Several recent studies have attributed the largest share of ambient PM2.5 exposure in India to household emissions, as opposed to vehicles, power plants, industries, and other sectors (10–14). Four major activities contribute mainly to household emissions: biomass burned for residential cooking, space- and water heating, and kerosene used for lighting. Relatively small amounts of coal are used in households nationally and use of kerosene for cooking has declined substantially in recent years. Different policy frameworks are likely required to mitigate each activity and/or source.
In this work, we develop seven scenarios based on current and plausible future mitigation policies and the estimated adaptive capacity of the exposed population. We quantify the contributions of individual household activities to ambient PM2.5 exposure in India and examine the expected health benefits of scenarios to reduce emissions from these sources. We also identify the districts (equivalent to counties in other countries) that would meet the Indian NAAQS and World Health Organization (WHO) ambient air quality guidelines after complete mitigation of these household sources.
Scenario Development.
The seven scenarios are defined in Table 1. We assess the potential benefit of each scenario by estimating (i) the decrease in population-weighted ambient PM2.5 exposure and (ii) the averted premature mortality burden with respect to the 2015 annual population-weighted ambient PM2.5, which is referred to as “baseline.”
Table 1.
Definition of the scenarios formulated for the study
| Scenarios | Cooking (%) | Space heating (%) | Water heating (%) | Lighting (%) |
| PC | 100 | 0 | 0 | 0 |
| PCL | 100 | 0 | 0 | 100 |
| PCLS | 100 | 100 | 0 | 100 |
| Ideal | 100 | 100 | 100 | 100 |
| Progress A | 75 | 50 | 50 | 75 |
| Progress M | 50 | 25 | 25 | 50 |
| Progress S | 25 | 0 | 0 | 25 |
The numeric values depict the percent mitigation of the particular household source. C = cooking, L = lighting, S = space heating, A = aspirational progress, M = moderate progress, S = slow progress.

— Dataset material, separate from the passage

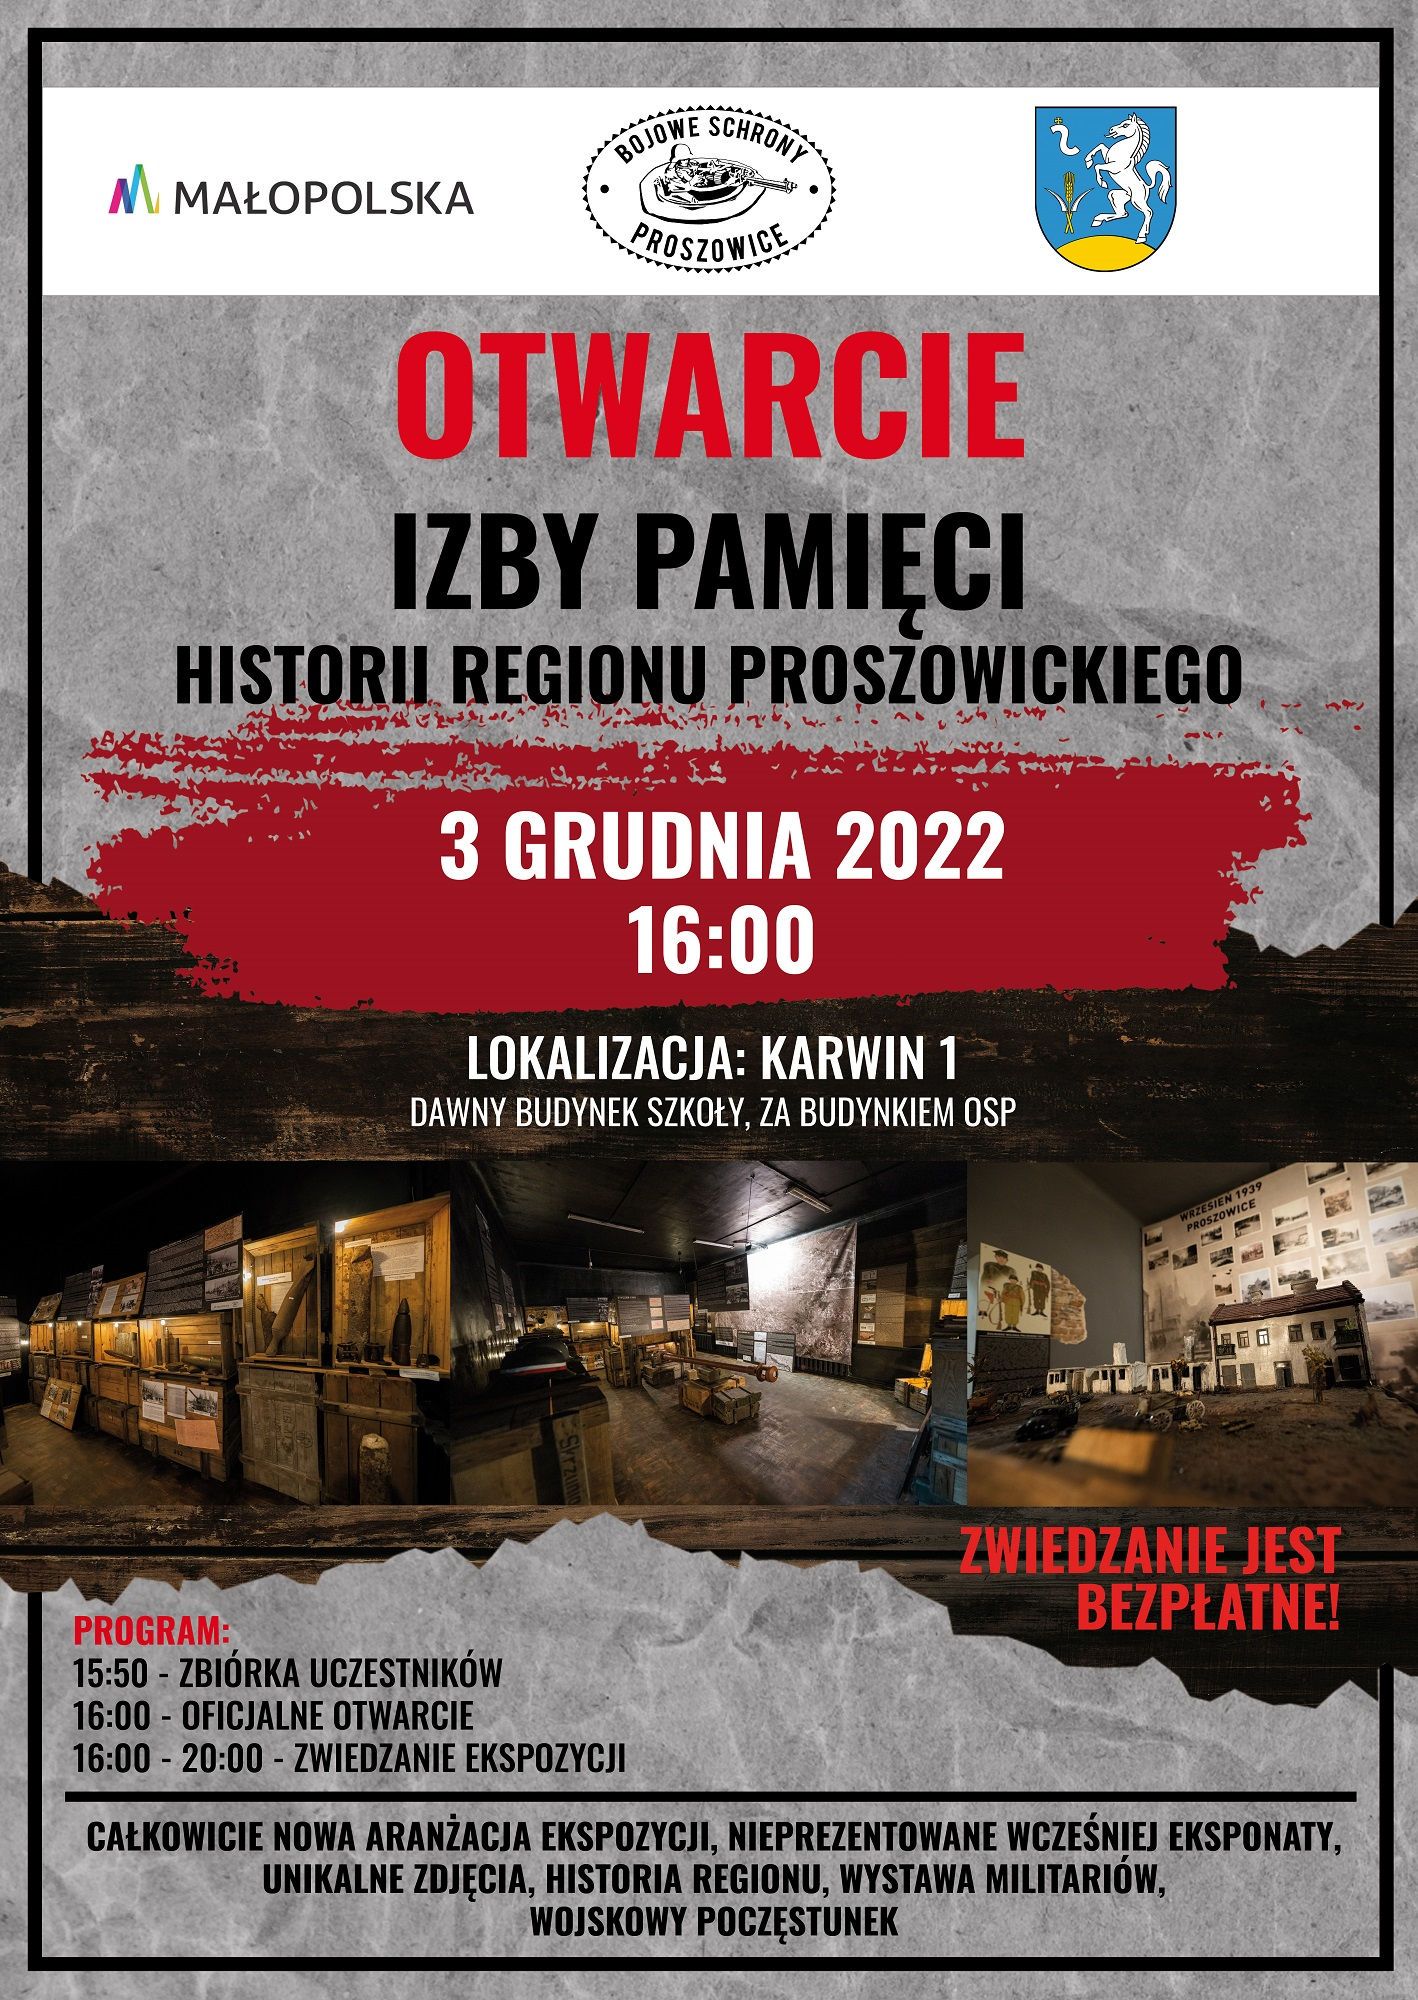 Plakat promujący otwarcie Izby Pamięci Regionu Proszowickiego w Karwinie.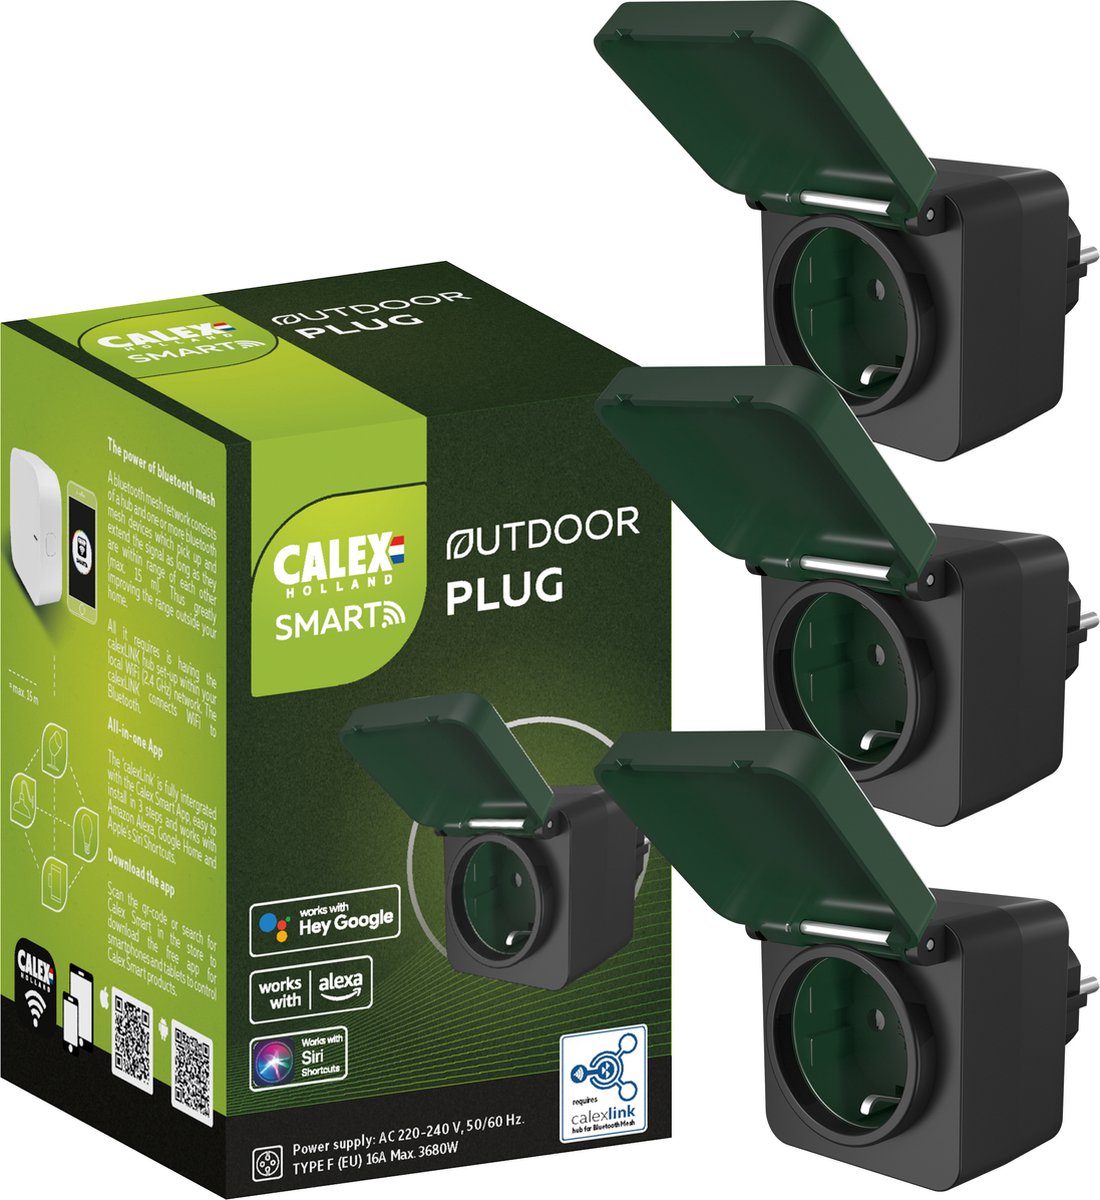 Calex Slimme Buiten Stekker - Set van 3 stuks - Smart Outdoor Plug EU - Inclusief Hub - Zwart

The first scenario (PC) assumes that the government successfully implements a policy to provide clean fuel for cooking to all solid-fuel–using families in the country, but does not implement any policies to counter emissions from space- and water heating and kerosene lighting. The second scenario (PCL) assumes that, on top of “PC,” the government successfully implements policies that provide cheap and continuous electricity across India, which eradicates lighting via kerosene lamps in households.
We note that the Government of India (GoI) in 2016 launched Pradhan Mantri Ujjwala Yojana (15), which intends to provide 80 million “below poverty level” households with liquefied petroleum gas (LPG) by 2019. Under the program, about 75% of the planned LPG connections had been dispersed by January 2019 (16). GoI also initiated the Deen Dayal Upadhyay Grameen Jyoti Yojana (17) in 2014, which promises to electrify all villages in India, thus eradicating emissions from kerosene lighting. In view of these GoI mitigation schemes, it is expected that in the next few years solid-fuel cooking and kerosene lighting could be entirely replaced by clean fuels if the population adapts and adheres to the above-mentioned policies perfectly [which is often not the case, as discussed in previous studies (18, 19)].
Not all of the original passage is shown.